Transcriptome acquisition and annotation

Fungal transcriptomes were previously acquired for all fungal strains, which serve as the base dataset for this study [19]. Briefly, RNA sample integrity was validated with a 2200 Tapestation (Agilent Technologies, Santa Clara, CA). Intact samples were used to generate strand-specific cDNA libraries, sequenced on an Illumina HiSeq (Illumina, San Diego, CA) and annotated as described previously to obtain de novo transcriptomes [19]. Briefly, we annotated the transcriptomes using the automated BLAST2GO pipeline [16], which analyzes sequences for similarity (blastx) and protein domains via hidden Markov model signatures (InterProScan).
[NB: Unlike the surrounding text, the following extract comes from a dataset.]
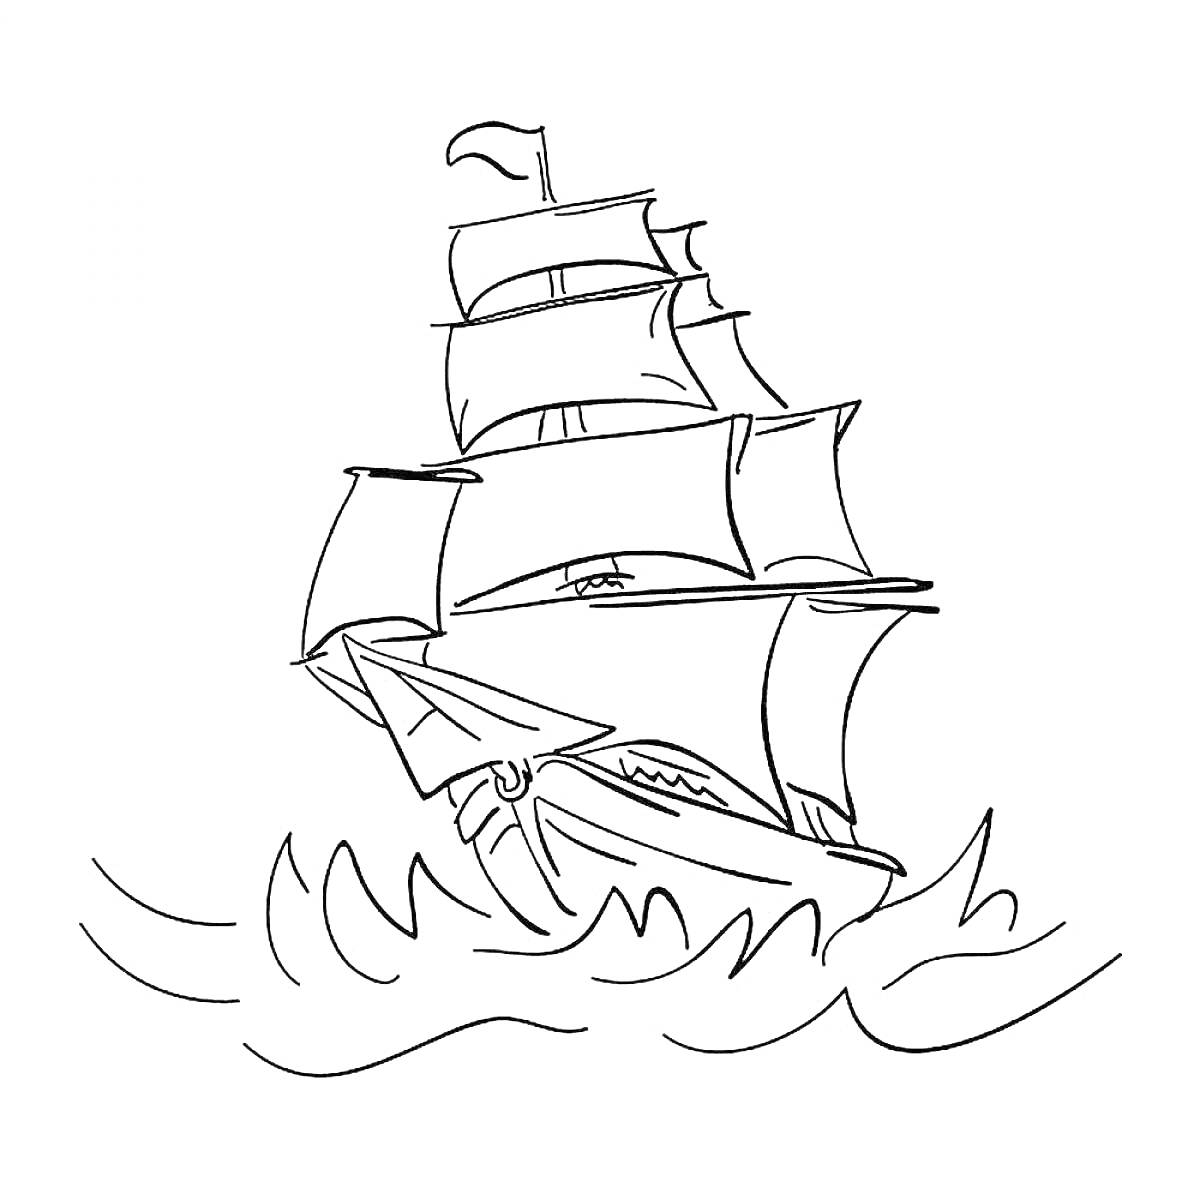 РаскраскаПарусник с флагом на мачте, плывущий по волнам

Significant hits had an E value of ≤10−3. Annotations from this pipeline included a protein description, delineation of internal domains, functions described by Gene Ontology (GO) terms associated with these domains, and assignment of Enzyme Comission (EC) numbers, if available. We were also able to identify non-coding antisense transcripts within the strand-specific transcriptome on the basis of the annotation reading frame (−1, −2, −3).

Identification of integral membrane and other secreted proteins

We identified secreted proteins within the transcriptomes by parsing the annotation files provided by BLAST2GO for InterPro domain hits. Transmembrane domains were predicted by Phobius [102] and TMHMM [13], and signal peptides were predicted by Phobius and SignalP [15].
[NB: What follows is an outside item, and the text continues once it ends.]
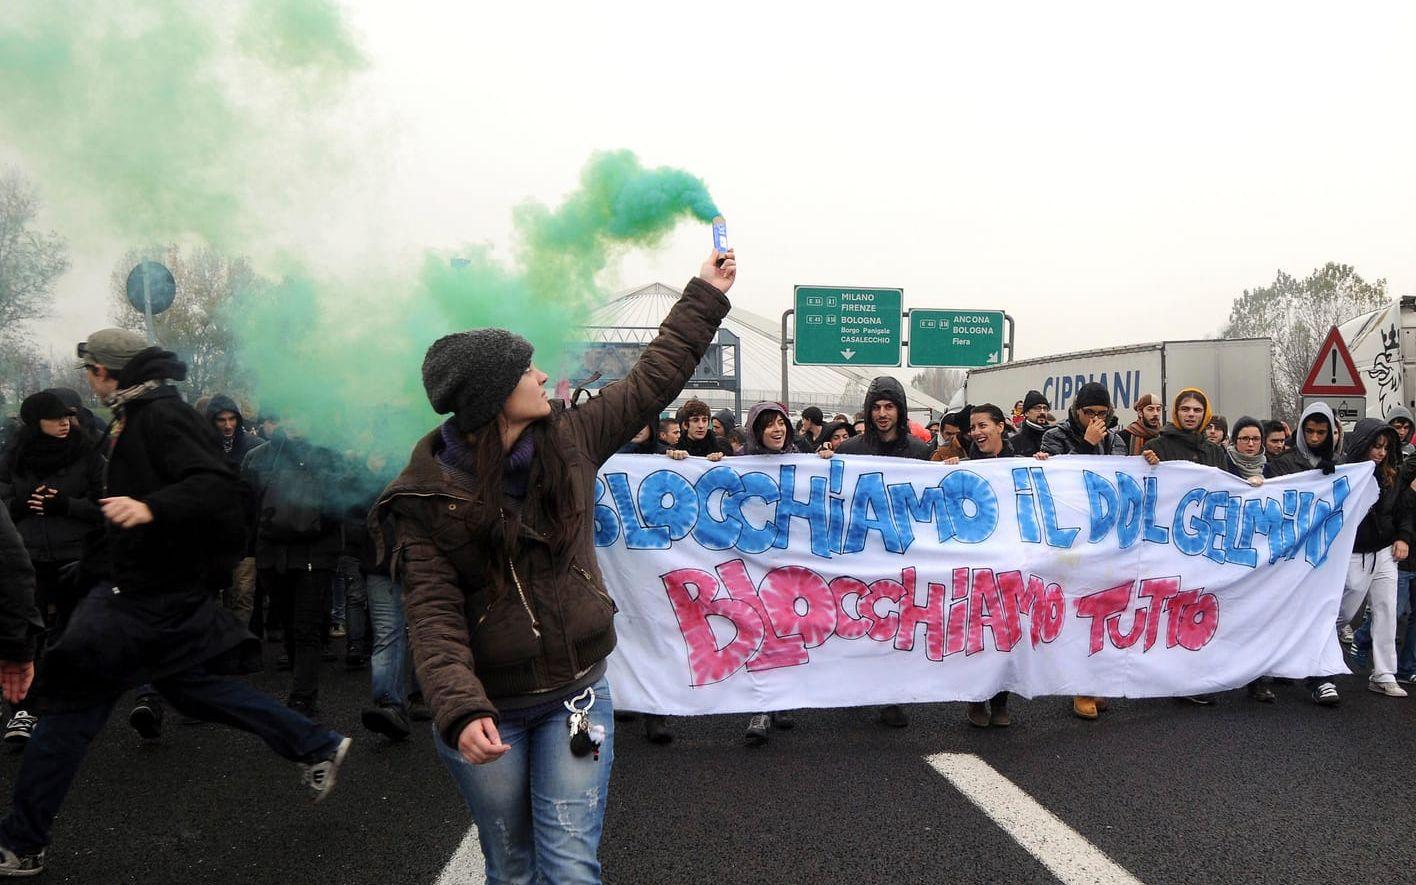 Bologna är vida känt för dess universitet, här en studentprotest.

Filtering and classifying the transcriptome

Membrane protein candidates were classified into one of four primary roles on the basis of their associated GO Terms in the precedence order: ‘Transport’, ‘Sensing and Signaling’, ‘Catalysis’, ‘Other’, and ‘Unknown’. Each GO annotation was parsed and searched for functional keywords as follows: Transport encompasses all membrane proteins with a stated “transport”, “symport”, or “V-type ATPase” role such as ABC transporters, P-type ATPase ion pumps, solute symporters, antiporters, and uniporters; Sensing and Signaling includes proteins annotated with a “receptor”, “signal”, or “sensor” function; Catalysis proteins all have roles that terminate in ‘-ase’; Unknown includes proteins that cannot be assigned a GO term while Other counts the remaining unassigned proteins. To better represent the total protein count encoded in the transcriptome, proteins with multiple functions are only assigned to the role of highest precedence. For example, ABC transporters with both transport and catalytic ATPase functions are binned only once under Transport.

Transporter analysis

The translated amino acid sequence for each transcript was aligned to the transporter classification system database (TCDB) [17] using a local installation of NCBI BLAST’s blastp. TCDB database was downloaded January 15, 2015. To increase the confidence in our predictions, we filtered the results to include only hits that covered at least 70% of the amino acid sequences of both the query and the subject. After filtering by coverage, the hit with smallest E-value was selected, with a maximum cutoff of 10−3.

Identification of putative GPCRs

Transcripts with putative GPCR function were identified by searching the functional annotations provided by NCBI BLAST and InterPro databases for keywords ‘GPCR’ and ‘G-protein coupled receptor’. From this subset, only sequences that contained between 7 and 9 transmembrane domains as identified by transmembrane hidden markov models (TMHMM). This ensured that transcripts identified were full length GPCRs with 7 transmembrane domains and allowed for the presence of hydrophobic signal sequences that may also be identified as transmembrane domains. Predicted N-terminal domains were identified by the InterPro based annotations present in the extracellular N-terminal region. These were identified by selecting all domains from the GPCRs that were present before the first of the seven transmembrane sequences typical of GPCRs, restricting the search to only the N-terminal extracellular region.